*** RECORDS FOR THIS TASK Section Begins ***

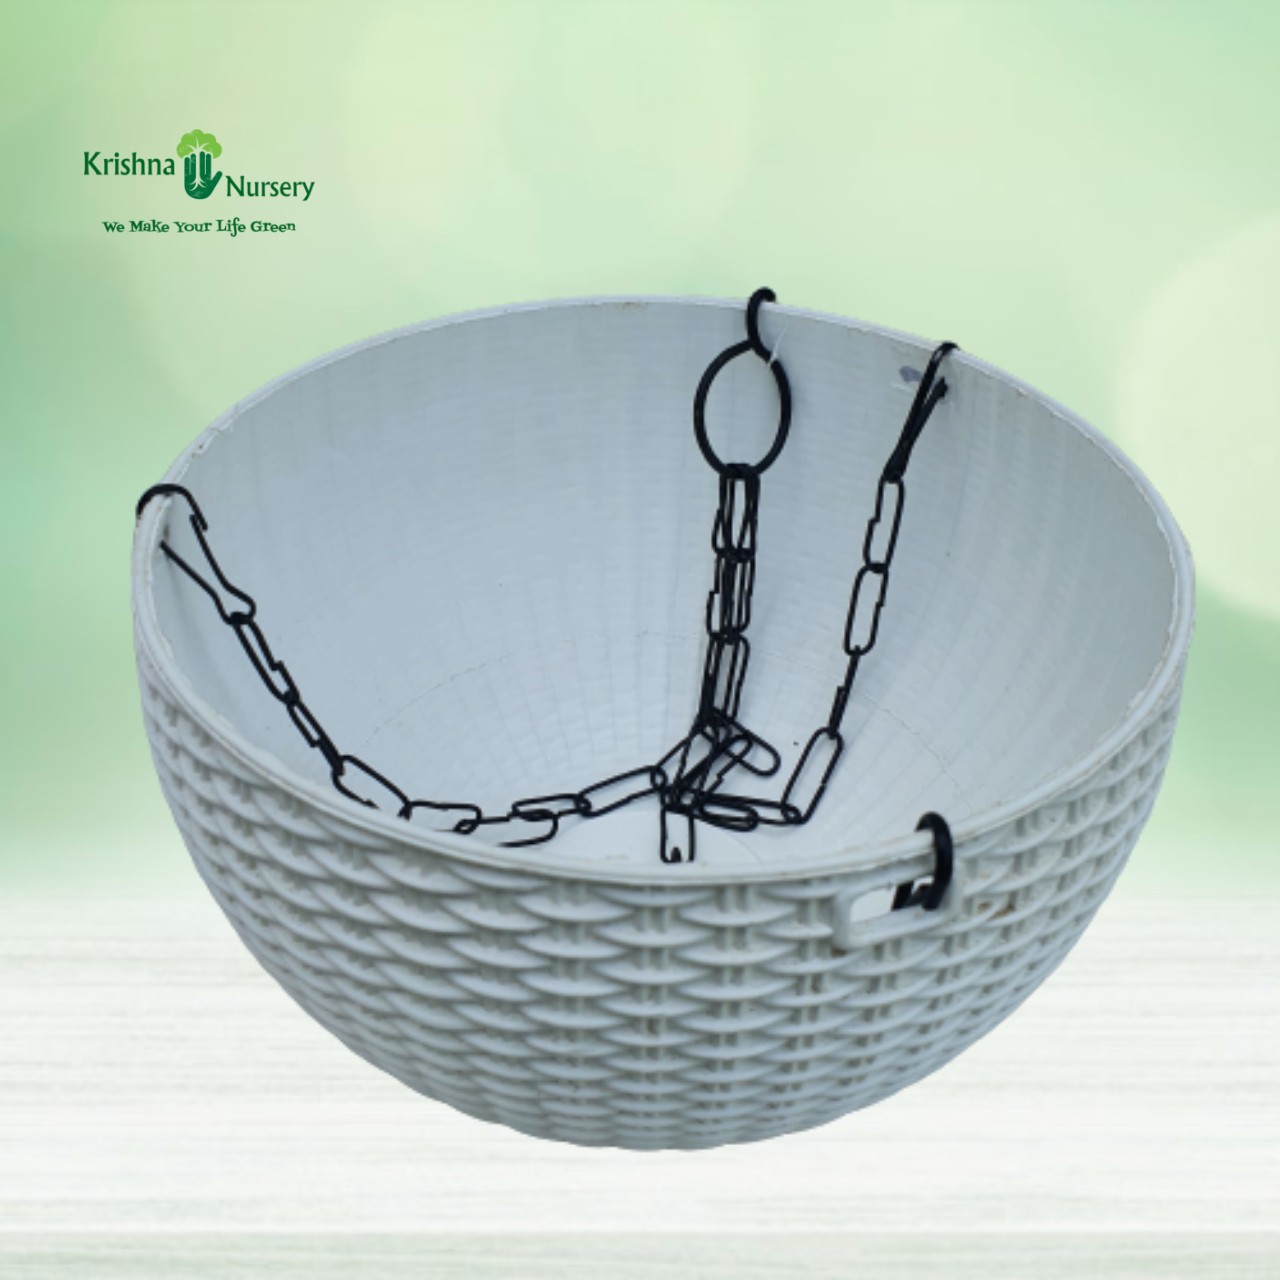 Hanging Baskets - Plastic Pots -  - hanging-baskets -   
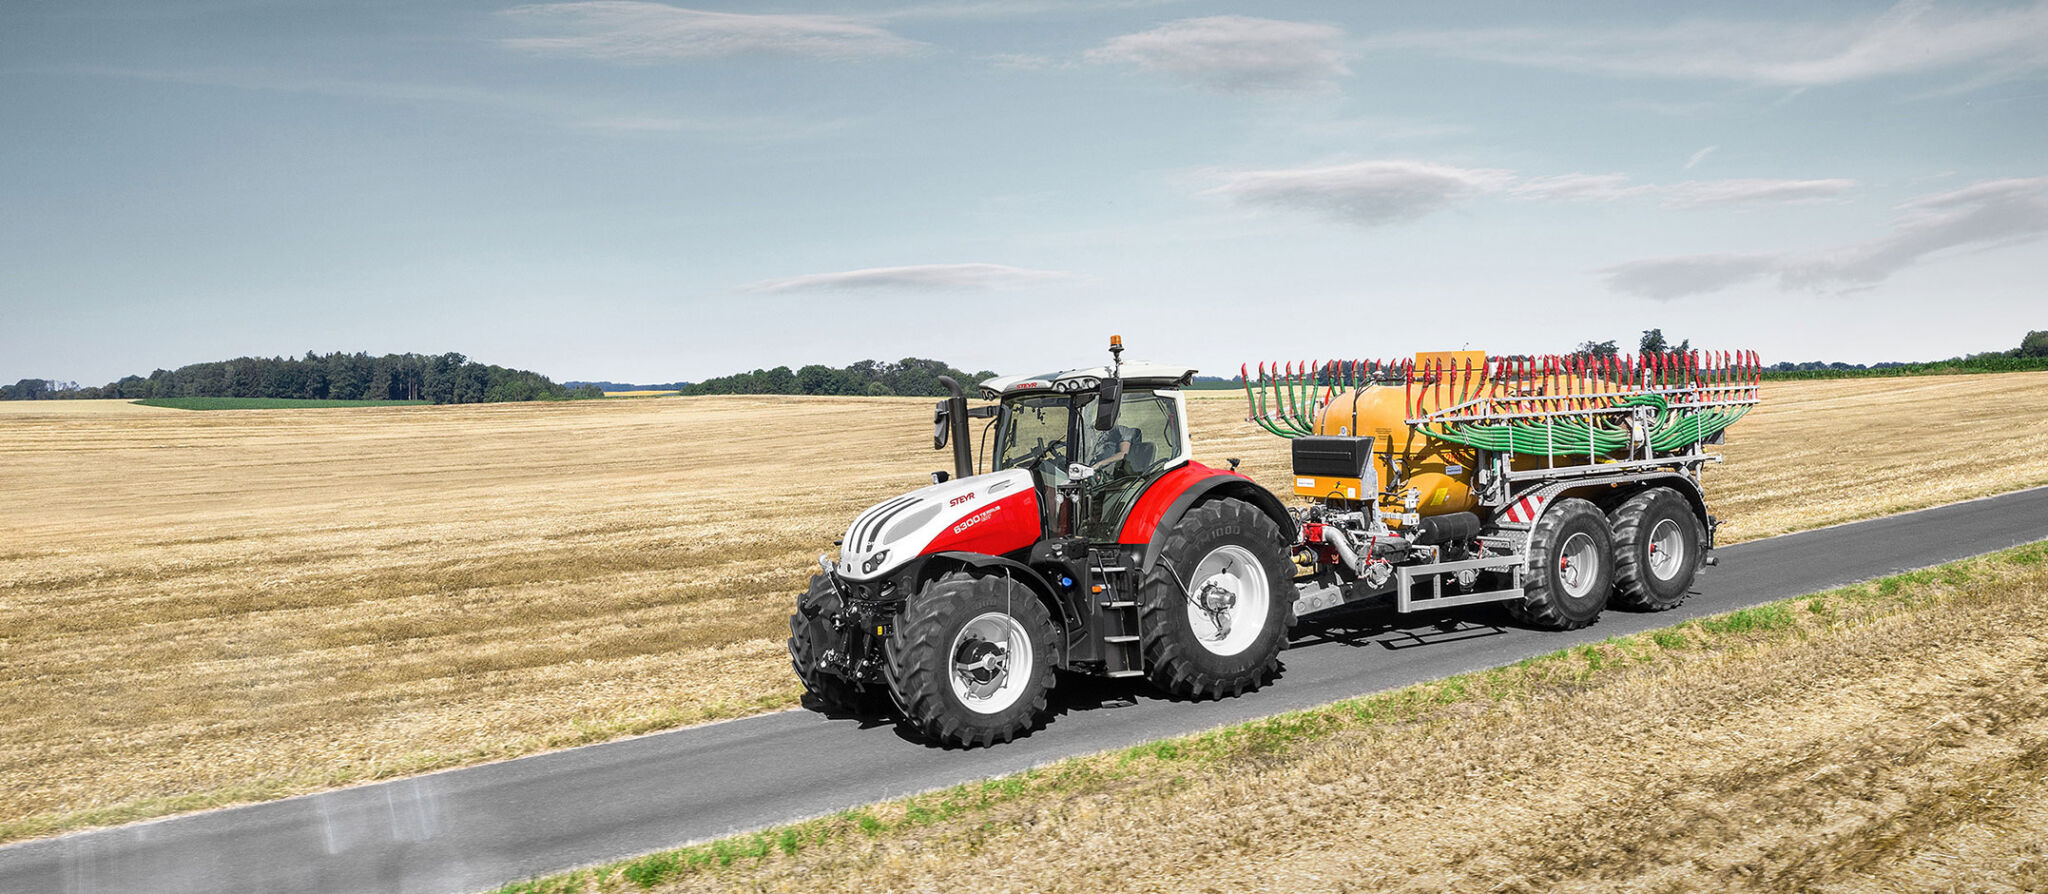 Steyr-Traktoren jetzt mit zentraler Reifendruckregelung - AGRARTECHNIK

*** RECORDS FOR THIS TASK Section Ends ***
*** RECORDS FOR THIS TASK Section Begins ***

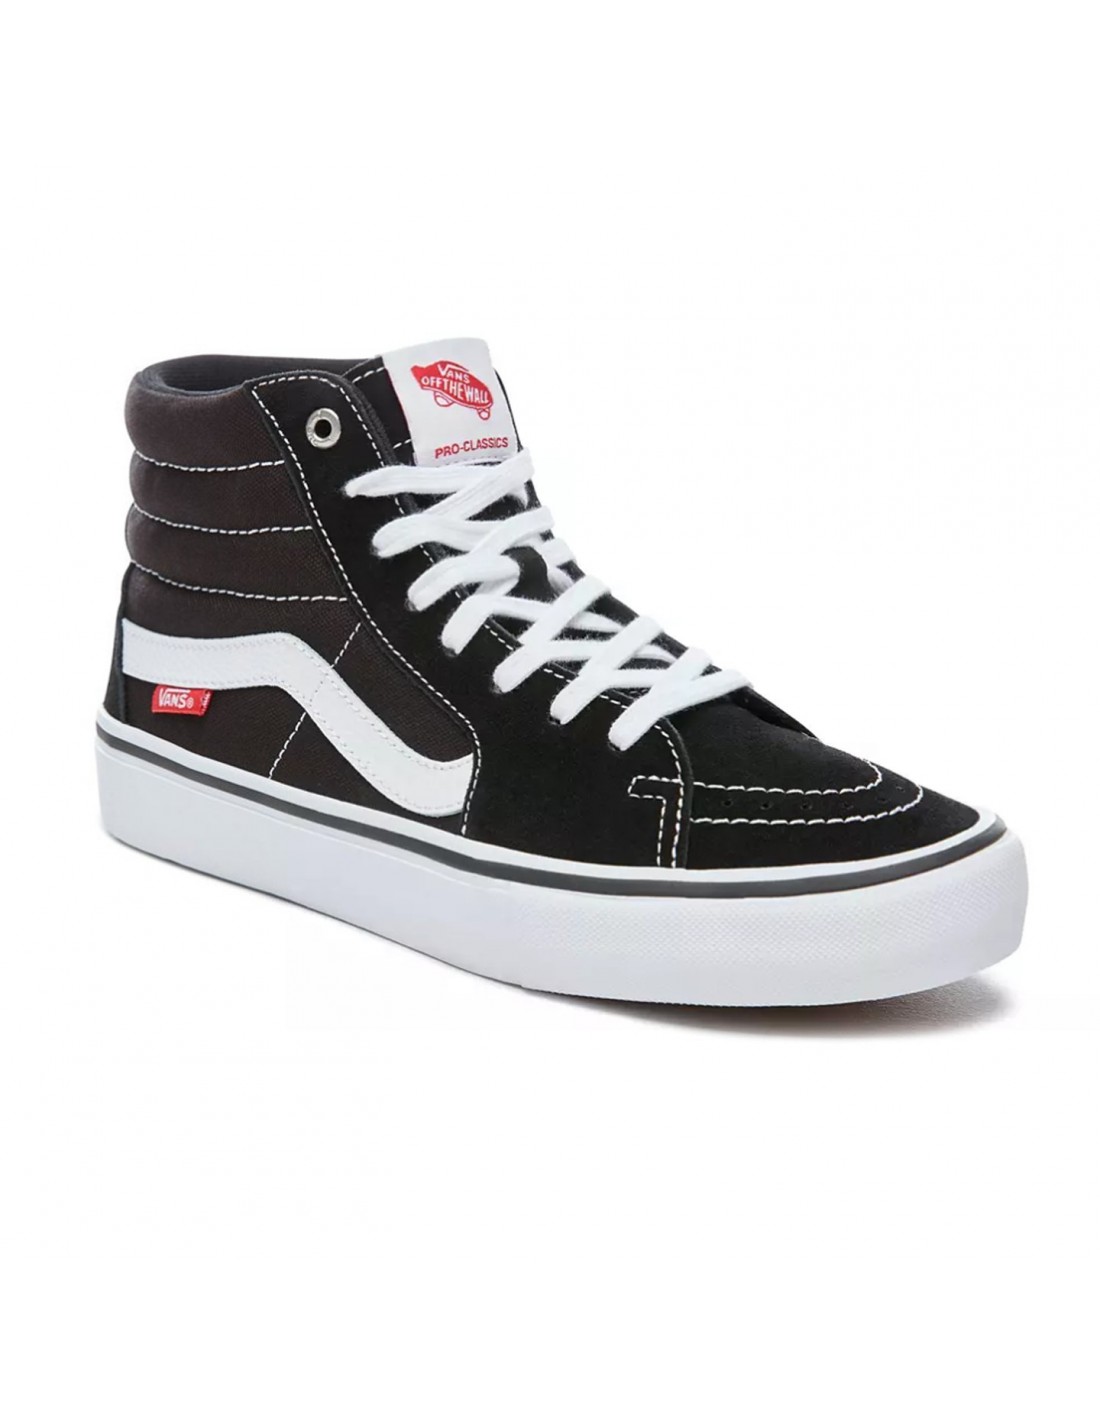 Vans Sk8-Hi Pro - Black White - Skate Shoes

*** RECORDS FOR THIS TASK Section Ends ***

> _ABOUT THIS TASK_:
The answer is the lines of the material above, from the one containing "Hanging Baskets - Plastic" down to the one containing "Steyr-Traktoren jetzt mit", given exactly and without images.

> _TASK SOLUTION_:
 Hanging Baskets - Plastic Pots -  - hanging-baskets -   
 Steyr-Traktoren jetzt mit zentraler Reifendruckregelung - AGRARTECHNIK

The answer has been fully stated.